Oyster hatchery deploys automated feeding system
Horn Point’s automated feeding system can be scaled up or down, supplier says
May 8, 2020 By Lynn Fantom
Horn Point Oyster Hatchery has the Rolls Royce of automated feeding systems.
After a comprehensive presentation at the Milford Aquaculture Seminar in January by algologist Julie Trommatter, one of the first questions was, “How much did it cost?” That brought chuckles from the crowd. Many hatchery owners obviously felt more like Chevy drivers.
The software and hardware, which Trommatter calls, “innovative computer programming and inventive plumbing,” also sit in a special setting, with different rooms dedicated to the algae and larvae. That was another way this presentation felt foreign to many.
Still, there is no argument about the performance of the automated feeding system which has produced a significant improvement in oyster setting efficiency. That is because the system provides a fairly consistent diet to larvae throughout the day, rather than the glut of a single meal delivered by hand, pump, hose and timer, Trommatter says.
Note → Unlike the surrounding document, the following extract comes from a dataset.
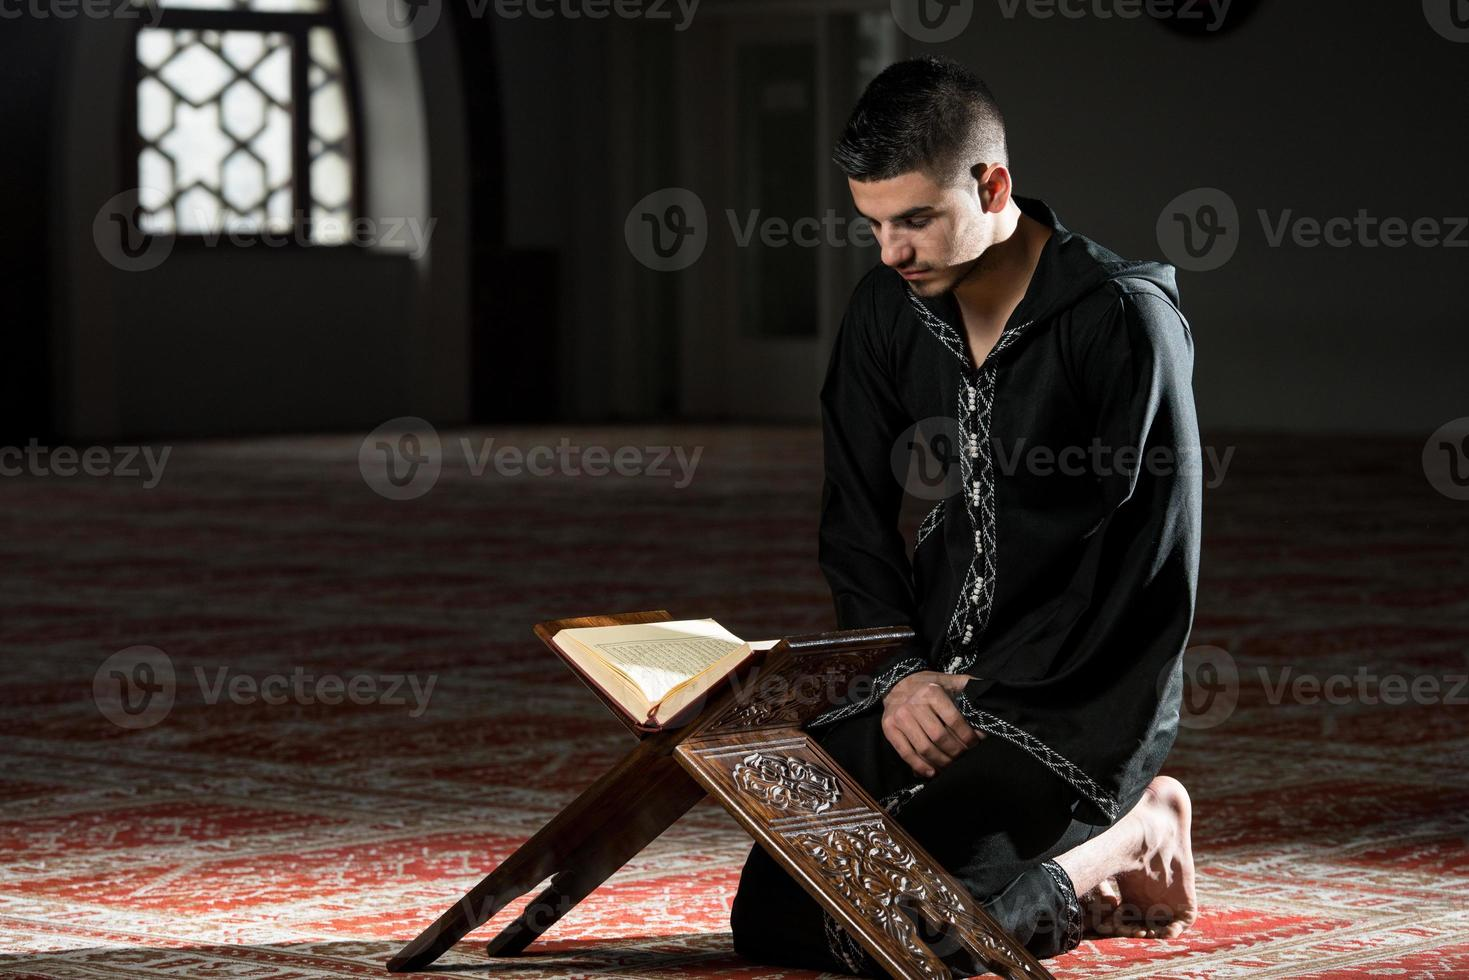 ung muslimman som läser koranen foto

For hatcheries interested in automation, the system’s designer and supplier Campbell Scientific says it can be scaled up or down.
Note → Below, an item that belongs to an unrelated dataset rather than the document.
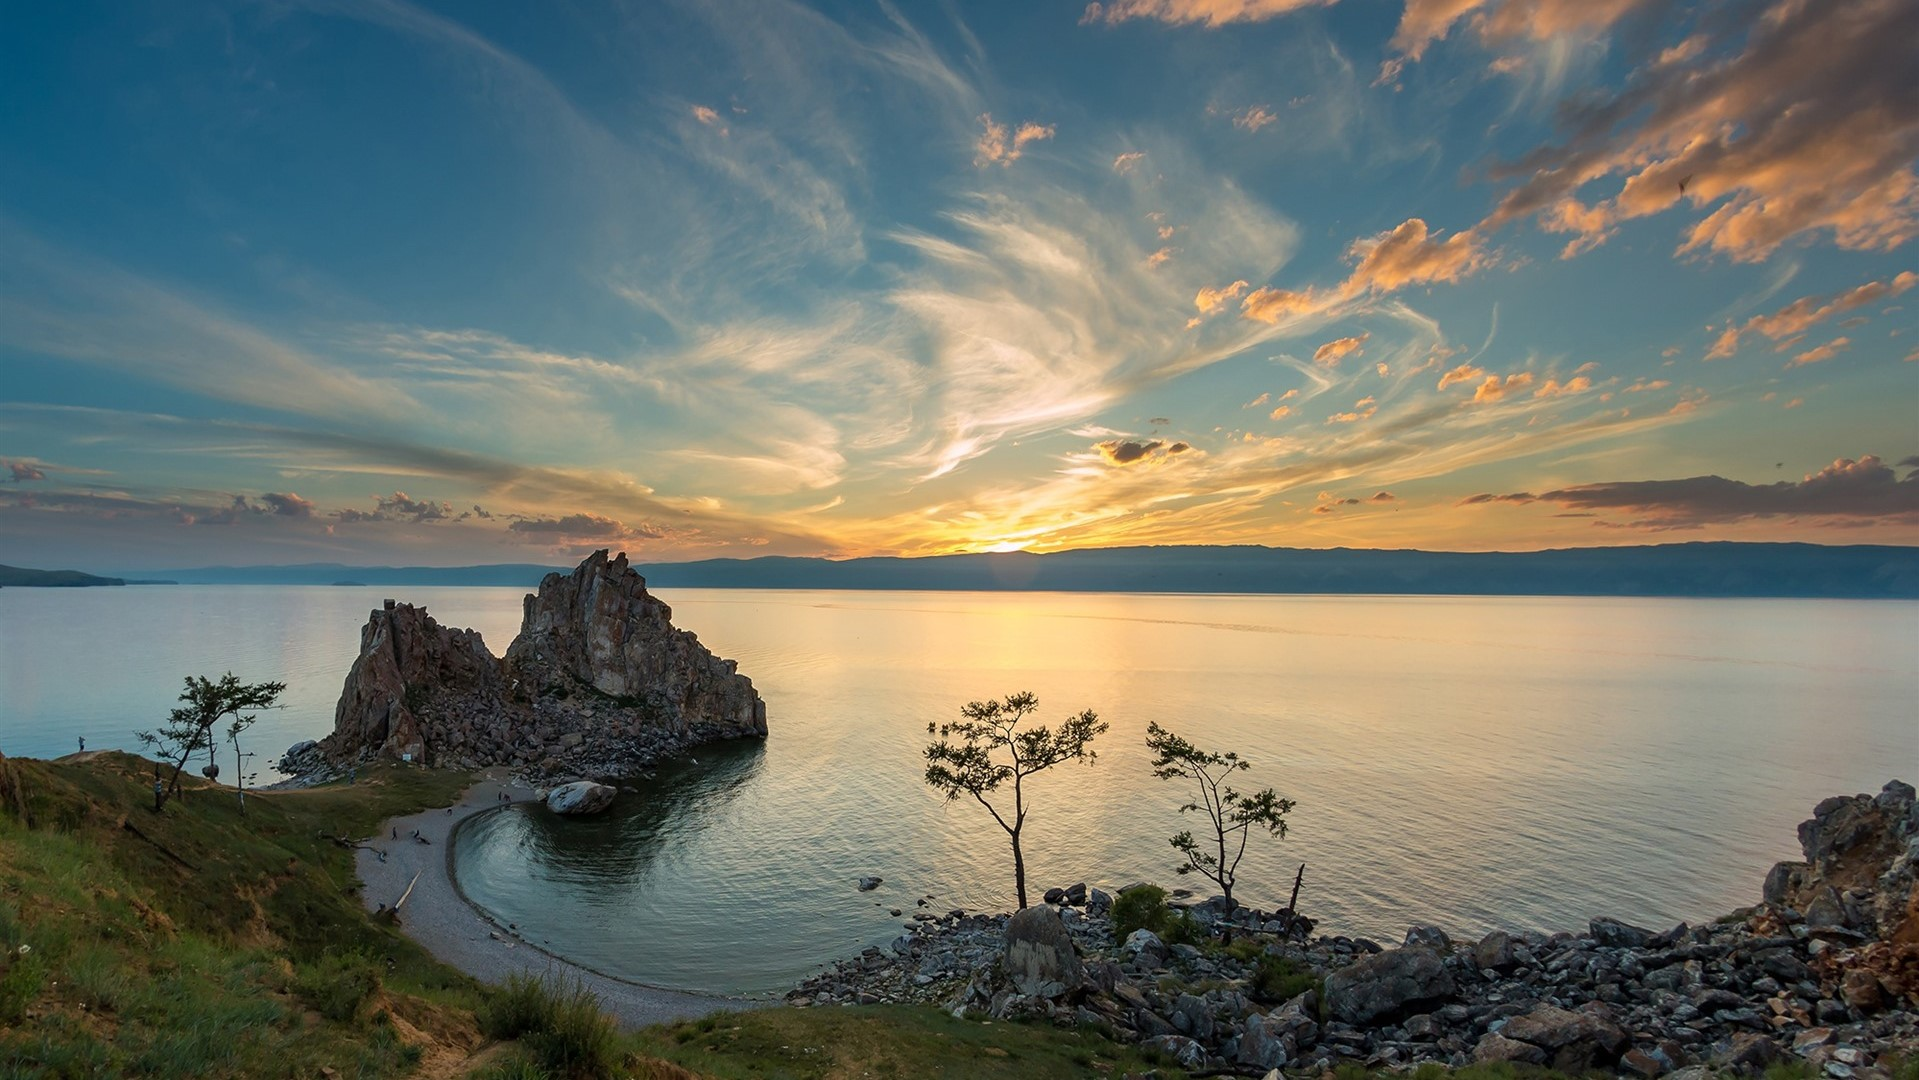 Olkhon island and Maloe More (Small Sea)

Horn Point Hatchery is one of the largest oyster hatcheries on the east coast of the U.S., with more than 800 acres on the banks of the Choptank River. As part of the University of Maryland Center for Environmental Science, it provides Eastern oyster (Crassostrea virginica) larvae and seed for oyster research, restoration and education, as well as spat on shell for commercial growers.
It’s a thriving research center that works with a range of prominent partners on initiatives impacting the entire industry. The state-of-the-art oyster production facility itself is an important component of the work because it is used to demonstrate new and innovative oyster aquaculture techniques. It has eight full-time staff.
Before and after
In the “olden days” of the hatchery prior to 2003, oyster larvae were fed once a day by hand using a pump, hose and timer. But when the lab was rebuilt, automation was introduced to make several processes more efficient.
Every hour, samples are drawn from every larval tank so that an in-line fluorometer can take a reading, which the system converts to an approximate cell count. “It’s super helpful for us to be able to more easily monitor the growth of individual cultures,” says Trommatter, who serves as a faculty research assistant.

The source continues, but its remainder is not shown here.